BEGIN Raw data

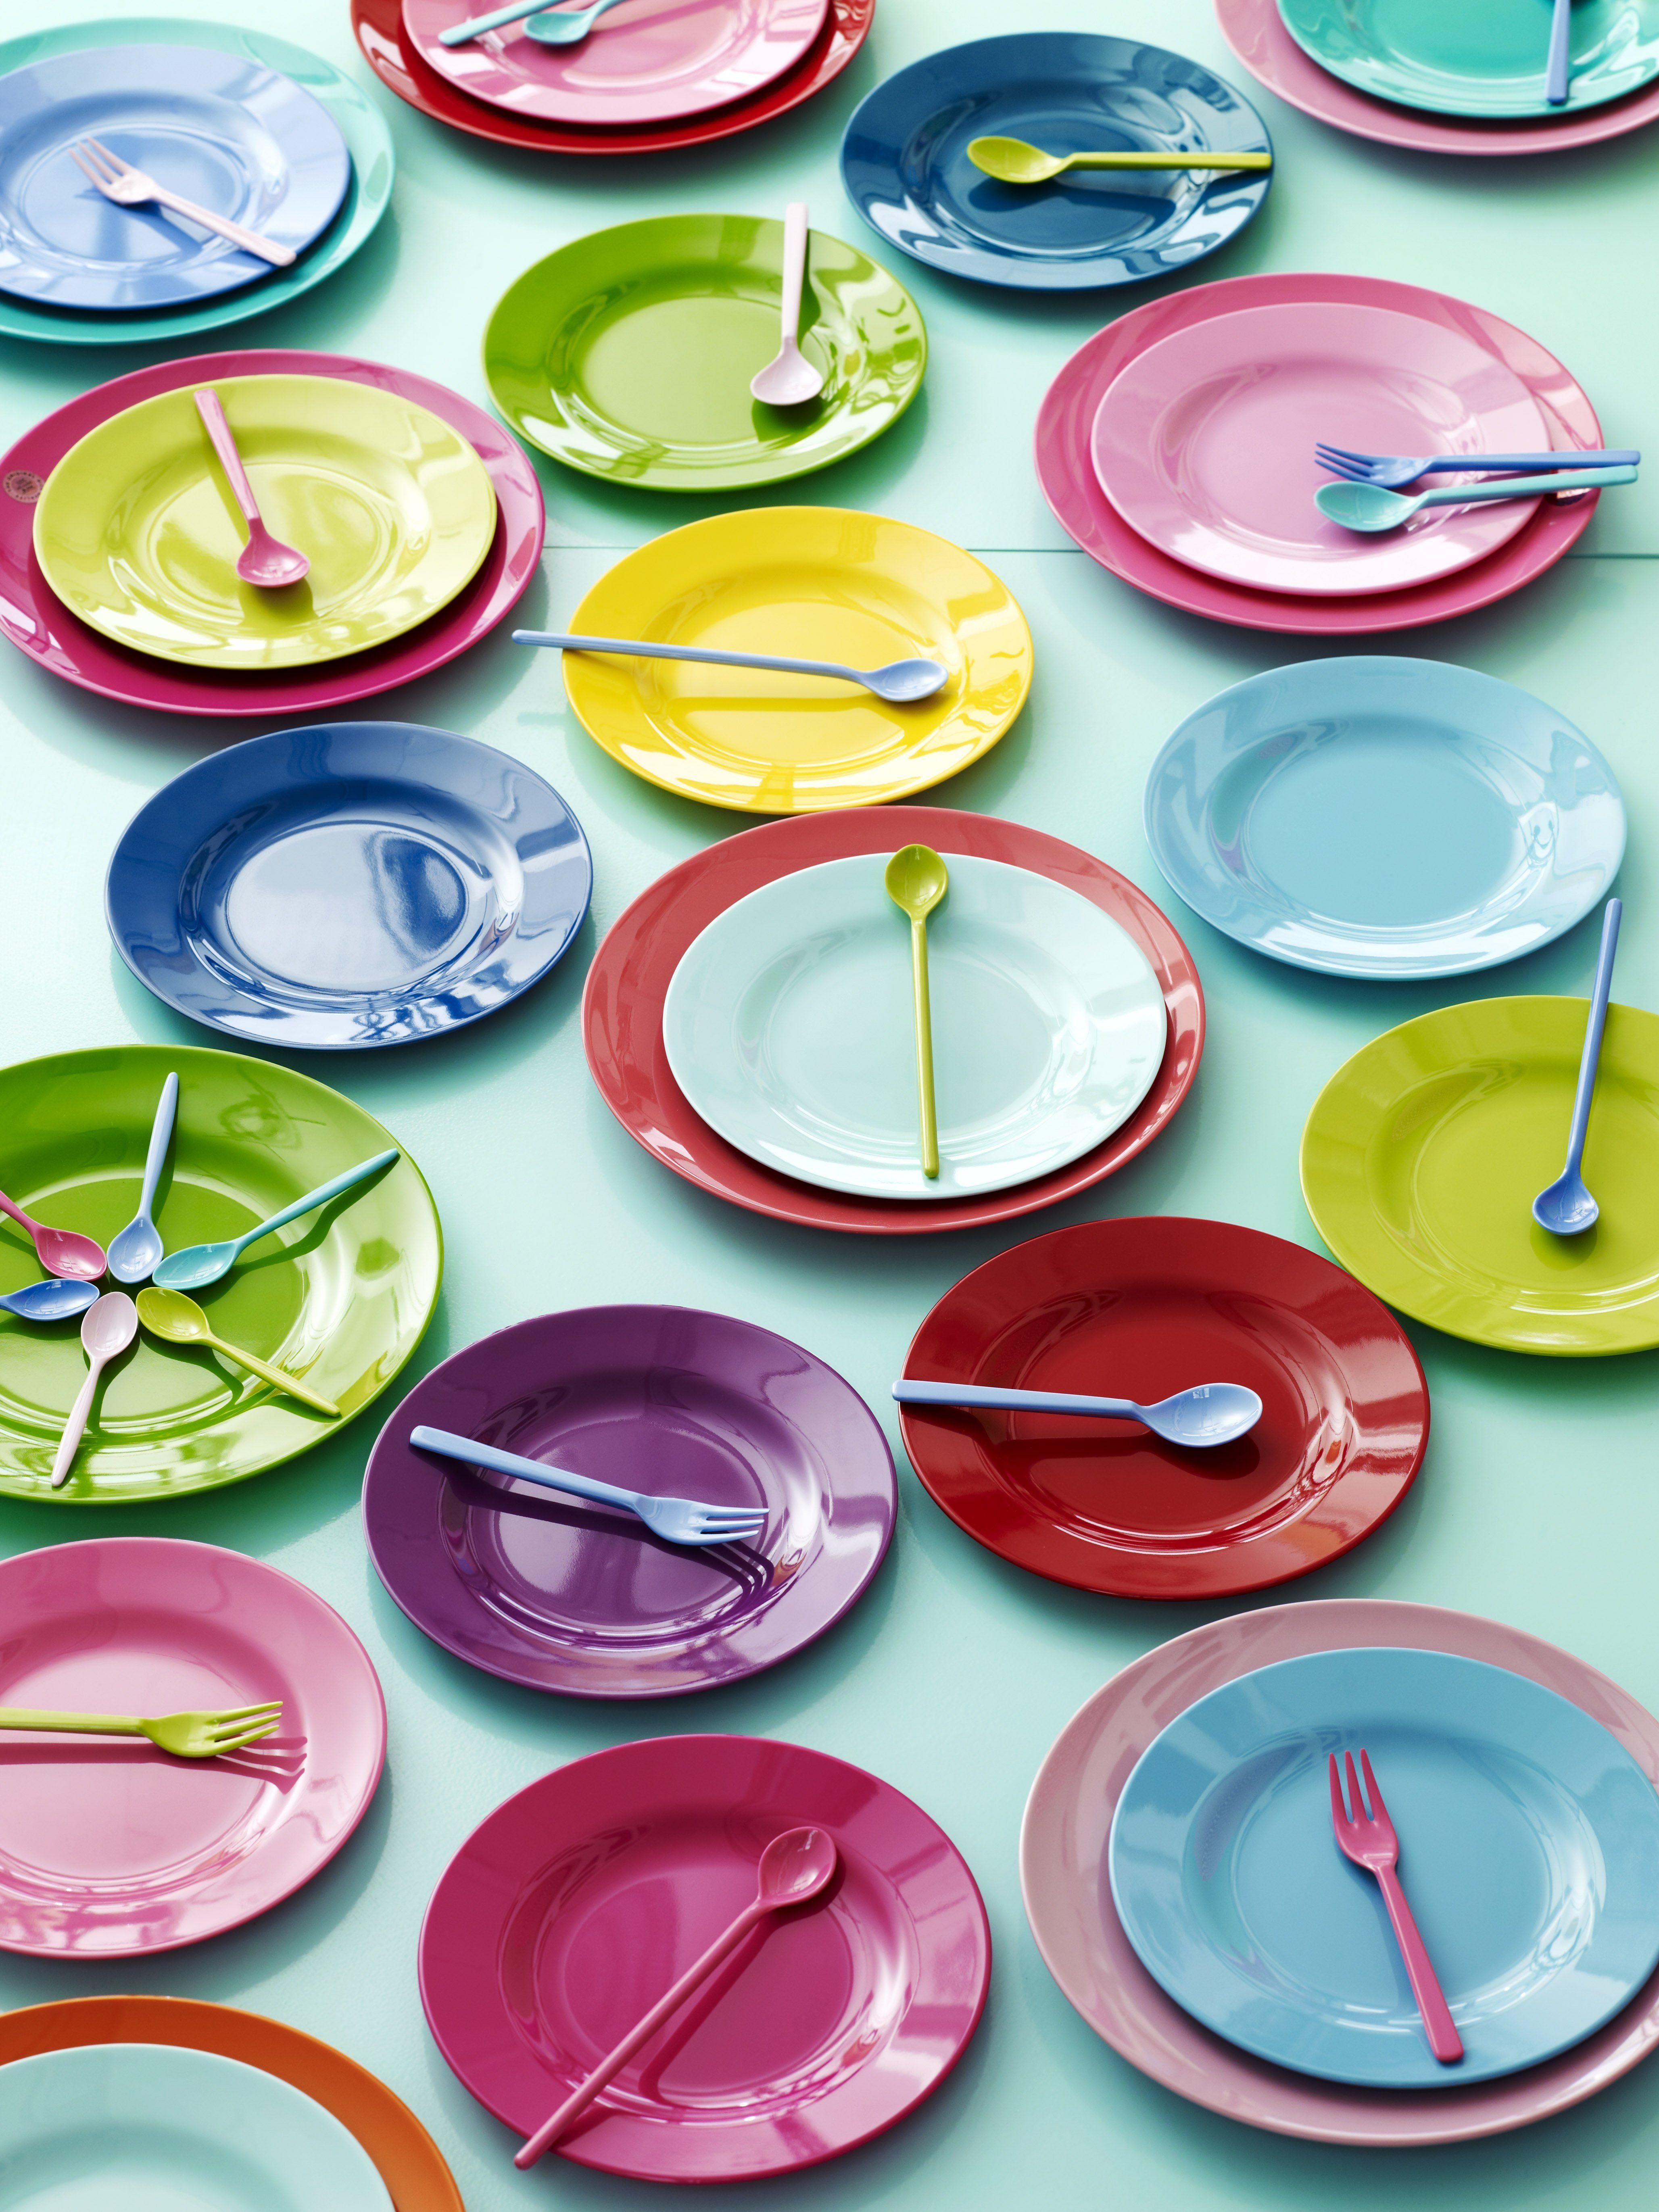 Melamine Plates From Rice Http Www Smukke Pl Pl P Talerz Sniadaniowy Z Melaminy Roz 156 Plates Melamine Plates Melamine Dinner Plates
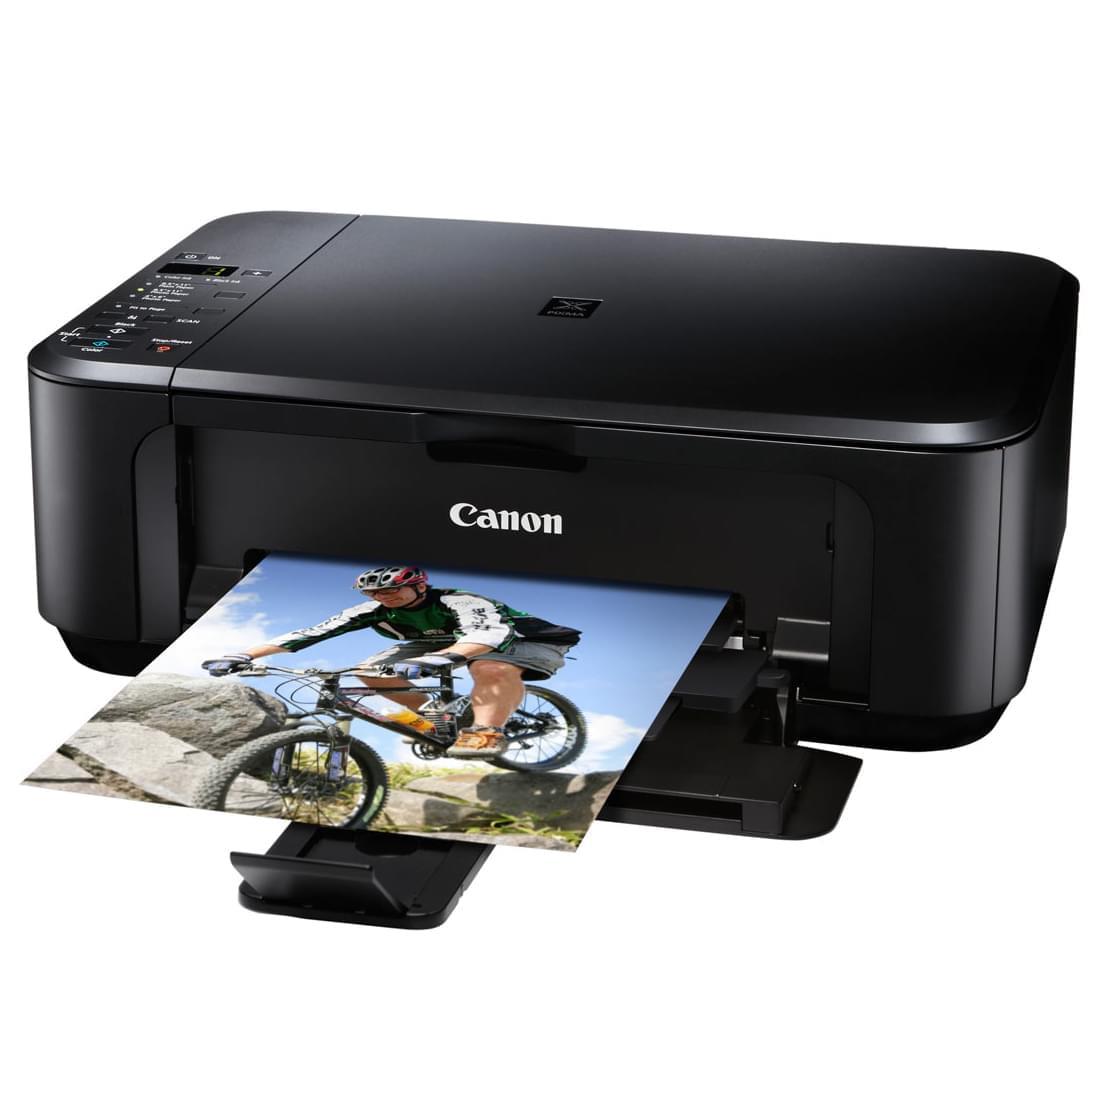 Imprimante multifonction Canon PIXMA MG2150 - Cybertek.fr - 0
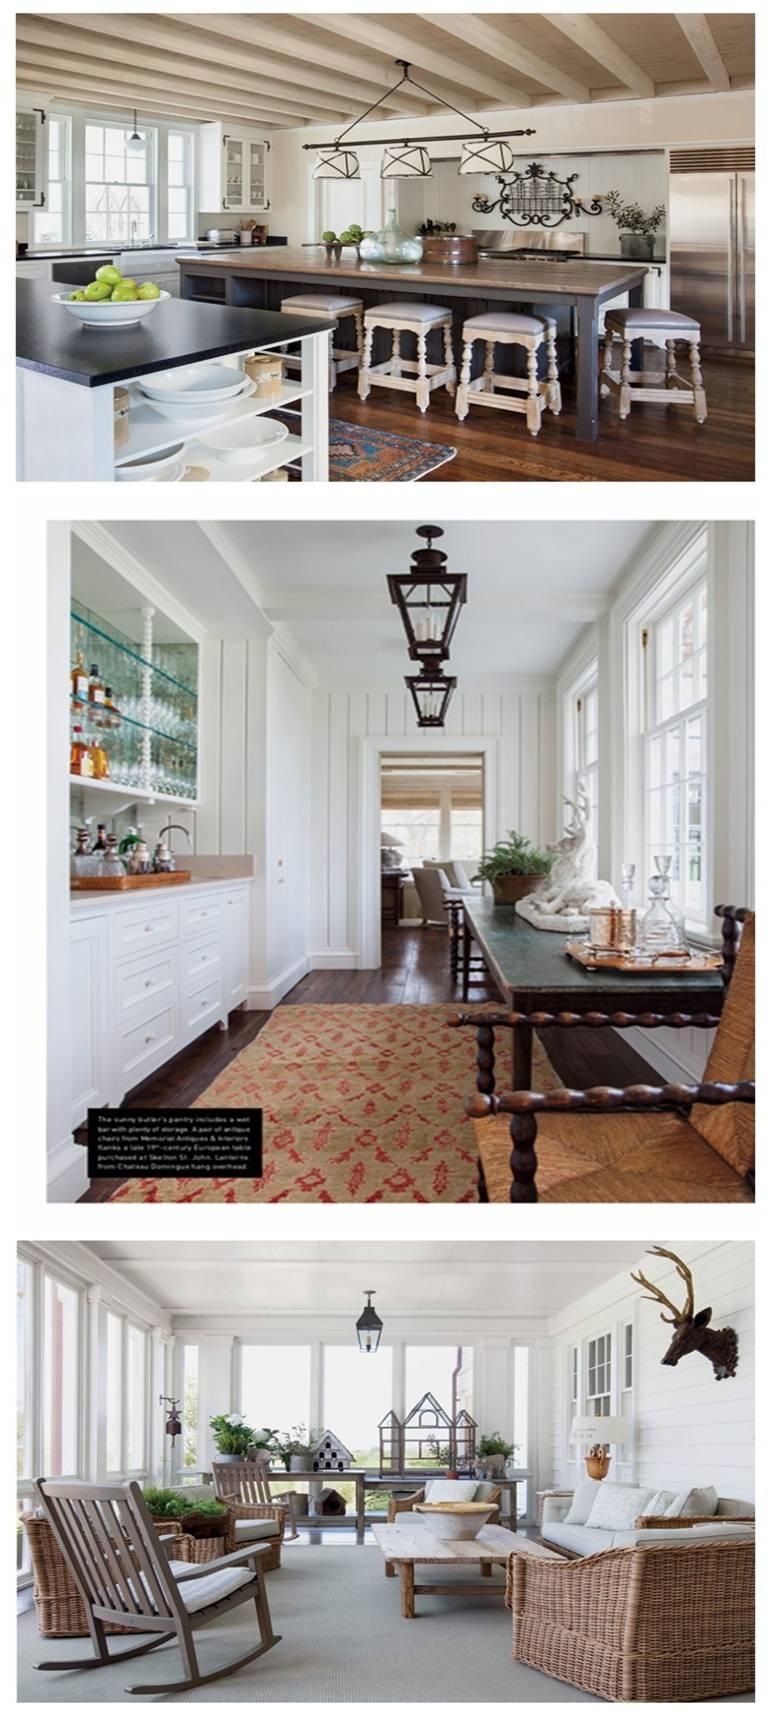 法式家具自带浪漫属性,给文艺青年种草!

END Raw data

> Problem requirements
Beginning with the line that contains "Imprimante multifonction Canon" and ending with the last line of the data, restate each line word for word. Exclude the pictures.

> Exercise answer
 Imprimante multifonction Canon PIXMA MG2150 - Cybertek.fr - 0
 法式家具自带浪漫属性,给文艺青年种草!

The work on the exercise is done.